TASK: Both the line below containing "気晴らし純粋に略奪L:A Bruket Foot" and the line containing "Hand of cyclist on handlebar", along with every line between them, should be repeated exactly; no other line belongs in the answer.

RECORDS FOR THE EXERCISE:

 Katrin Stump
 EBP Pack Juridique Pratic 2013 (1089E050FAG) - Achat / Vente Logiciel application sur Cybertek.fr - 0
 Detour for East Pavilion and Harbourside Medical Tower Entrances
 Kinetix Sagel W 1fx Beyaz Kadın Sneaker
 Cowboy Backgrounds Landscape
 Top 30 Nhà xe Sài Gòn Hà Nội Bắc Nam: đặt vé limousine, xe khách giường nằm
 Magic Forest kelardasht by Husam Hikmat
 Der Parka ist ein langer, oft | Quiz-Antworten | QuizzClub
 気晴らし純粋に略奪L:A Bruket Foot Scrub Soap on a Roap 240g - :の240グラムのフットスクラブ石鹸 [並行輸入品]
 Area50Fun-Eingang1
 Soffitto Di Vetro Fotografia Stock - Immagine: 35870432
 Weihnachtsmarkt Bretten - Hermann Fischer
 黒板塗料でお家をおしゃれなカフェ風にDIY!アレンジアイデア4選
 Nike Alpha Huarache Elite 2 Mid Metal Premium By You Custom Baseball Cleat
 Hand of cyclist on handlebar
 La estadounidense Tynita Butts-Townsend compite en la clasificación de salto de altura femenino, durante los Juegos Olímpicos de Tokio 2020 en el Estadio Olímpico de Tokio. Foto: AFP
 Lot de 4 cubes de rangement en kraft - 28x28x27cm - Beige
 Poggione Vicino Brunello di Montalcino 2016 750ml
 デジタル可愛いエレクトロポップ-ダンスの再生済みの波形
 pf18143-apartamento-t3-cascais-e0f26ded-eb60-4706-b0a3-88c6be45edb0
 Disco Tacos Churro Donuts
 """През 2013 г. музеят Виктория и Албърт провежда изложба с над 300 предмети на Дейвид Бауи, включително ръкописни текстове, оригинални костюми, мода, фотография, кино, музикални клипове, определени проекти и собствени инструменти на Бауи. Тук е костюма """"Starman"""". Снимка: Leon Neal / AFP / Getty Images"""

RESULT OF THIS EXERCISE:
 気晴らし純粋に略奪L:A Bruket Foot Scrub Soap on a Roap 240g - :の240グラムのフットスクラブ石鹸 [並行輸入品]
 Area50Fun-Eingang1
 Soffitto Di Vetro Fotografia Stock - Immagine: 35870432
 Weihnachtsmarkt Bretten - Hermann Fischer
 黒板塗料でお家をおしゃれなカフェ風にDIY!アレンジアイデア4選
 Nike Alpha Huarache Elite 2 Mid Metal Premium By You Custom Baseball Cleat
 Hand of cyclist on handlebar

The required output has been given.